Durch die Jahreszeit lag jedoch nicht nur die Welt auf Eis. Jeden Tag wanderte ich auf denselben verschlungenen Wegen über den verlassenen Campus. Folgte einer Spur, die sich dem menschlichen Auge verschloss. Die meisten Studenten hatten die Universität über die Ferien verlassen. Die wenigen Menschen, die über die Feiertage nicht zu ihren Familien gefahren waren arbeiteten entweder, um ihr Studium zu finanzieren oder es mangelte ihnen an Motiven für eine Heimkehr. Aber bei ihr war das ganz offensichtlich anders.

Sie hatte keine Motive für, sondern war das Motiv für etwas. Für alles! Selbst aus der Ferne erweckte es den Eindruck, als ordne sich die Welt ihr unter. Das Licht aus den Myriaden Schneekristallen unterstrich ihre makellose Haut. Jeder ihrer Schritte traf auf sicheren Grund, so als ahnte das Eis von ihrer Majestät, als schmolz das Eis unter ihren Füßen lieber, als ihr Schaden zuzufügen.
Jeder Blick ihrer Augen hatte Bedeutung. Er berührte etwas in den Dingen und Wesen, die er traf, maß sie auf eine Art, dass man schier daran zu Grunde gehen wollte. Sogar die Eisblumen reckten ihre starren Köpfchen, um zu sehen wer dort ging.
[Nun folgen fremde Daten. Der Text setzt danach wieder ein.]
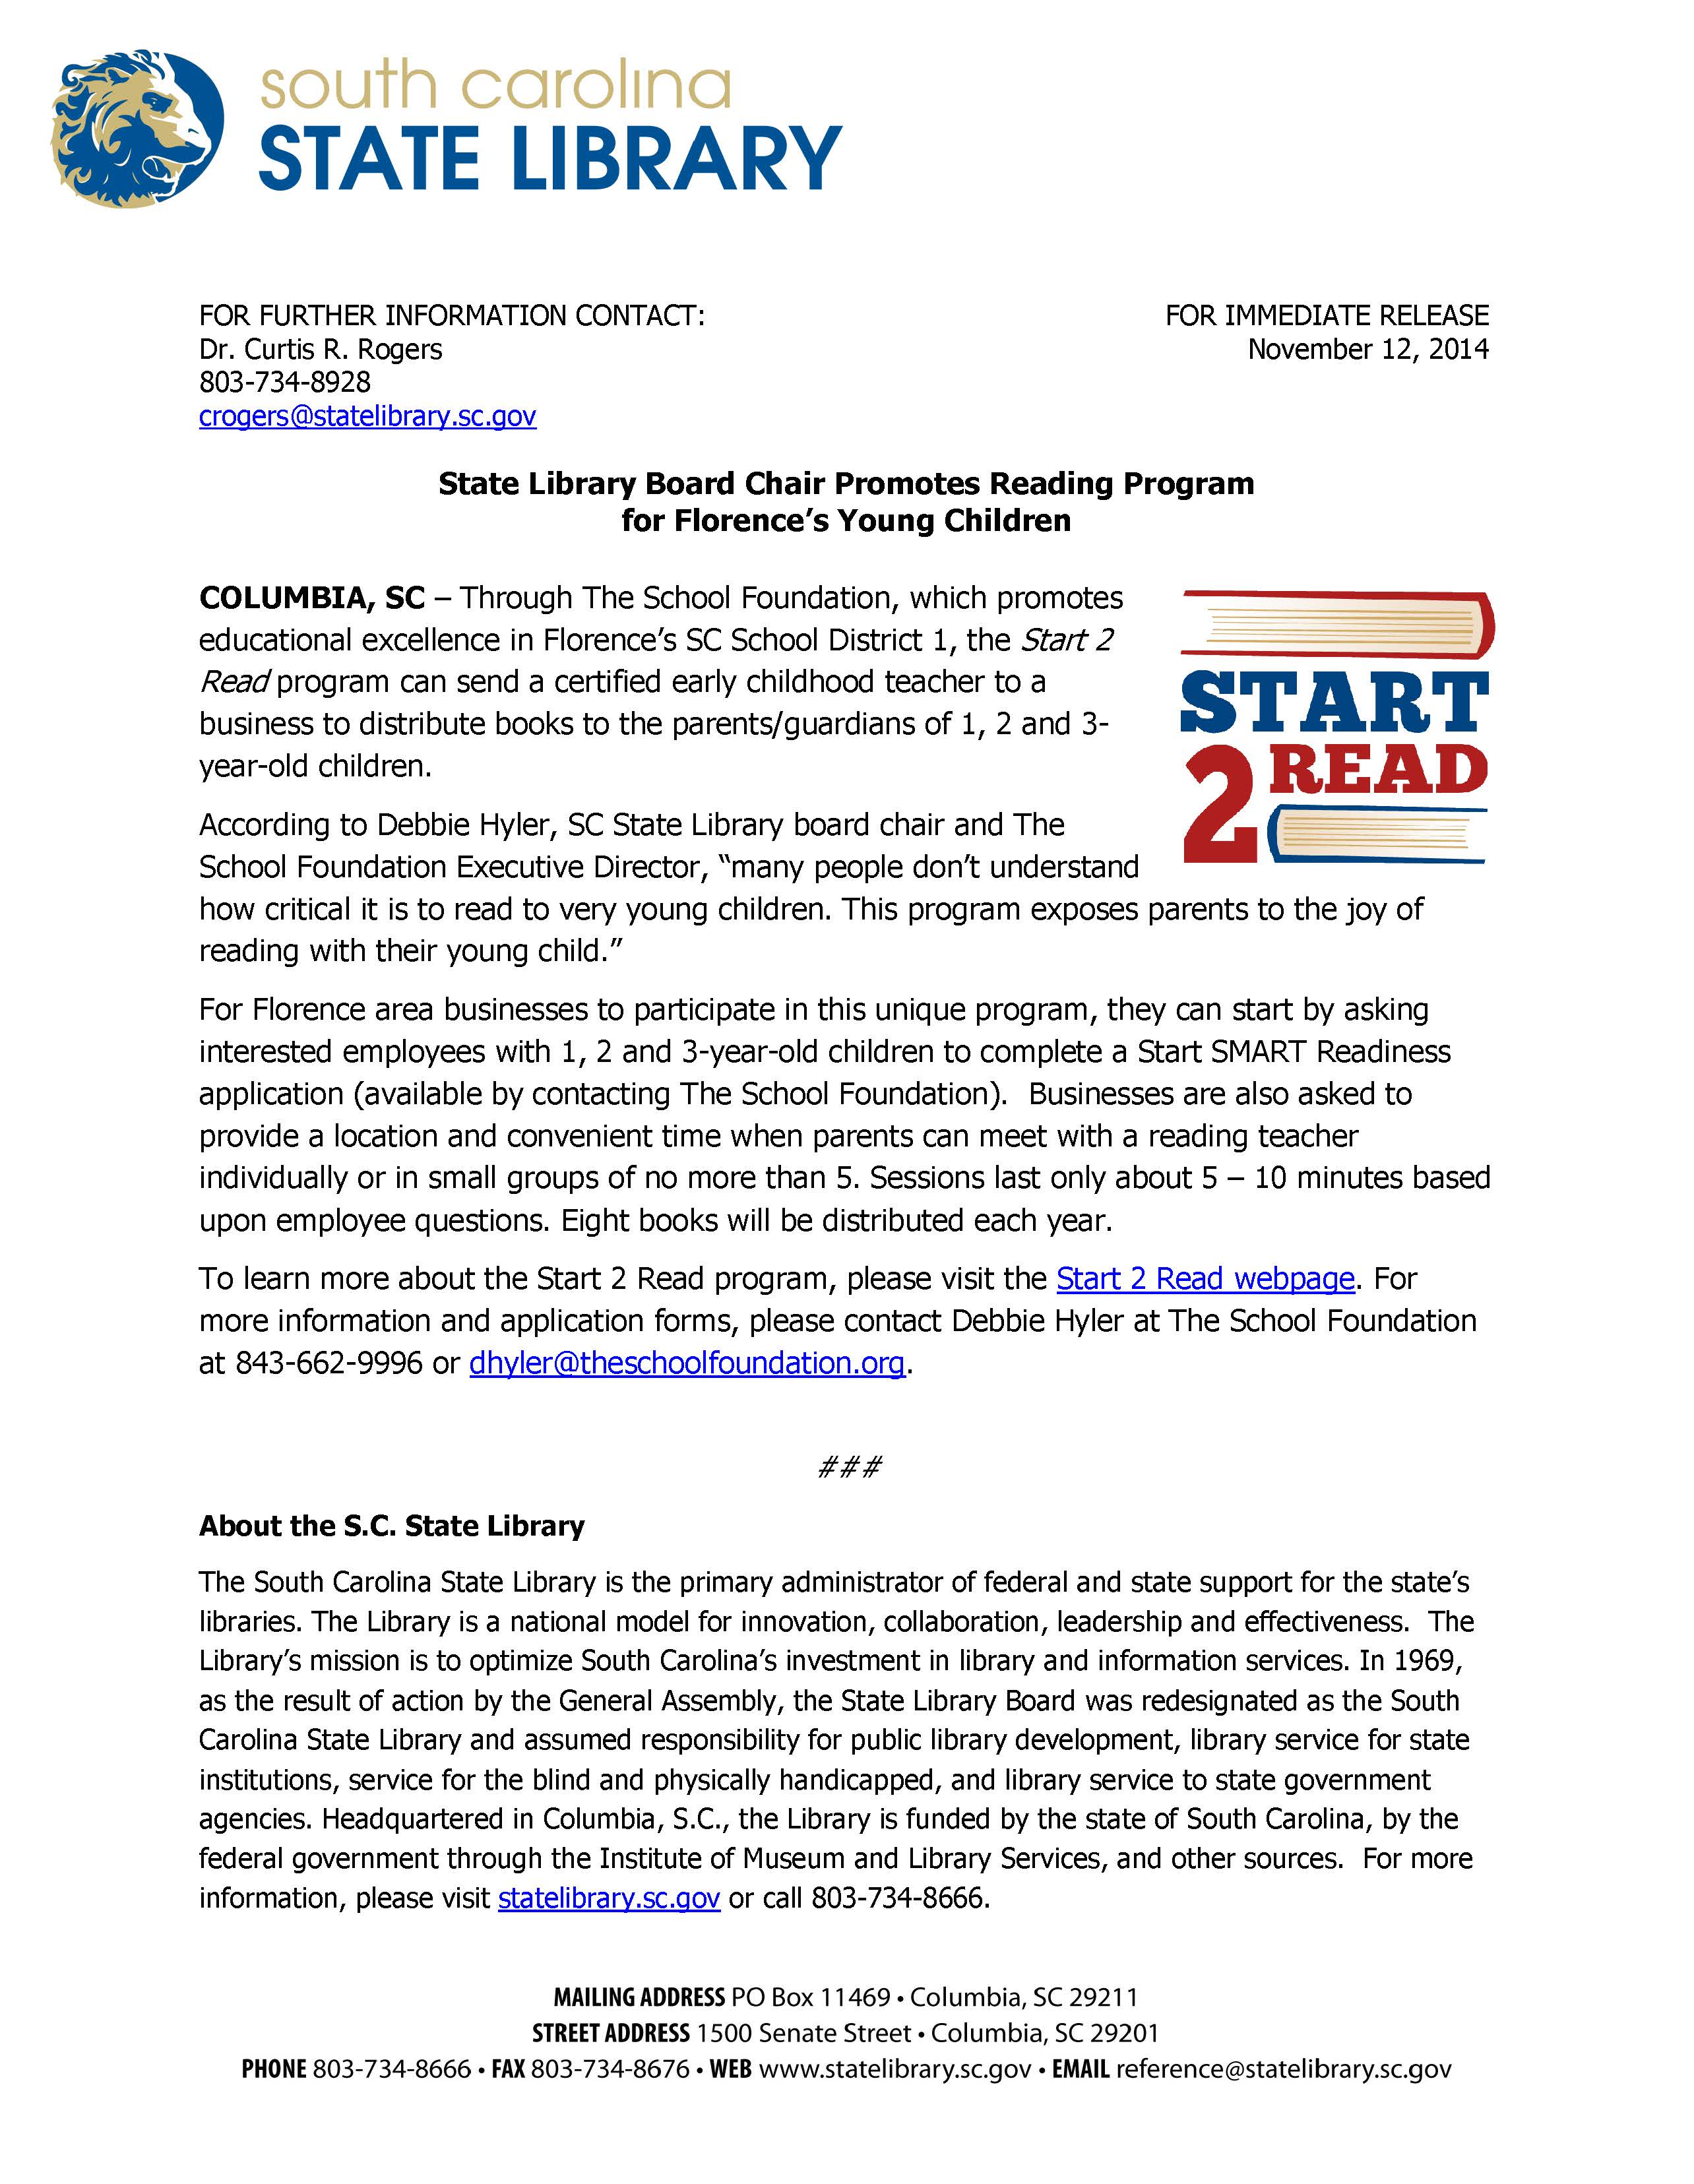 Start 2 Read Program Press Release

Der innere Schiefer geriet in Bewegung und mich fröstelte.
Vor mir ging meine zukünftige Königin!

Ich wollte meine Schritte in ihre Richtung lenken, wollte ihren Weg scheinbar zufällig kreuzen. Doch keines meiner Beine wollte noch gehorchen. Wie irr zerrte ich an ihnen, wollte ihnen meinen Willen mit Gewalt aufzwingen, aber nichts half.
Wütend blickte ich mich um, suchte jemand der Schuld haben musste, bis mein Blick schließlich ihren traf und getroffen floh! Sie war es! Sie hatte meinen Beinen Einhalt geboten. In mir brach etwas. Etwas warmes, etwas feuchtes, der Grund meiner Tränen und meines Glücks, das Wasser des Lebens war zu Eis erstarrt und dehnte sich in die Fugen meines Selbst aus. Jahrzehnte lang hatte es Schicht um Schicht des Ichgesteins durchtränkt, nun drückte es mit einer Unbarmherzigkeit nach außen, suchte Raum und wo es keinen fand, da schuf es. Raum wo keiner war. Und meine Königin war überall, durchmaß den Fels wie Hallen ihres Schlosses und schätzte meinen Wert.

Sie hauchte Worte tief in meine Seele, aber selbst ihre Fragen klangen nach Befehl. Bat Sie mich?!
„Wer bist du?“, hauchte sie. Ja, wer war ich überhaupt? Schichtgestein konnte ich mich nicht mehr länger nennen, nackt und entblößt wie ich nun vor ihr stand.